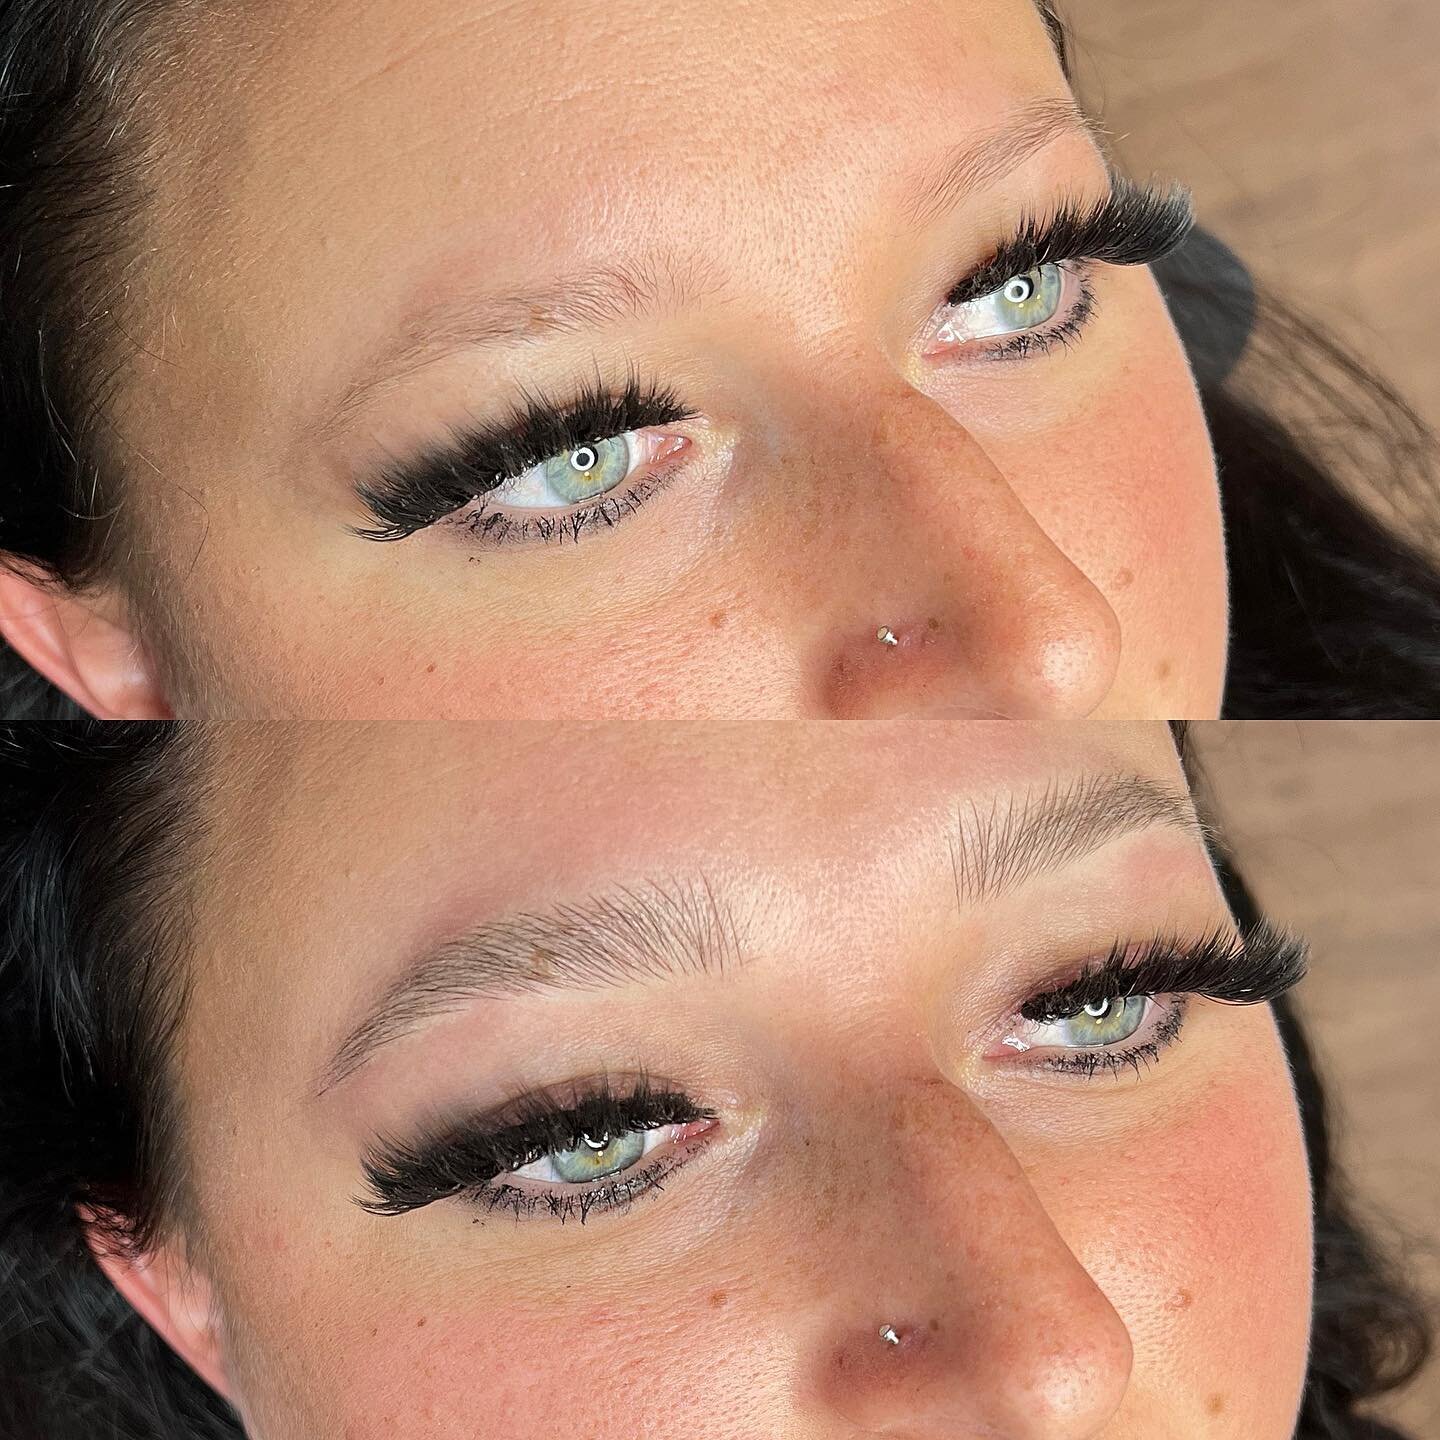 First session Microblading.✨
.
#knoxvillemicroblading #knoxvillelashes #ashevillemicroblading #ashevillelashes #johnsoncitylashes #johnsoncitymicroblading #knoxvilletattoo #ashevilletattoo #johnsoncitytattoo

Required work =
Could the data be reproduced exactly, with the pictures omitted?

Worked solution =
 First session Microblading.✨
.
#knoxvillemicroblading #knoxvillelashes #ashevillemicroblading #ashevillelashes #johnsoncitylashes #johnsoncitymicroblading #knoxvilletattoo #ashevilletattoo #johnsoncitytattoo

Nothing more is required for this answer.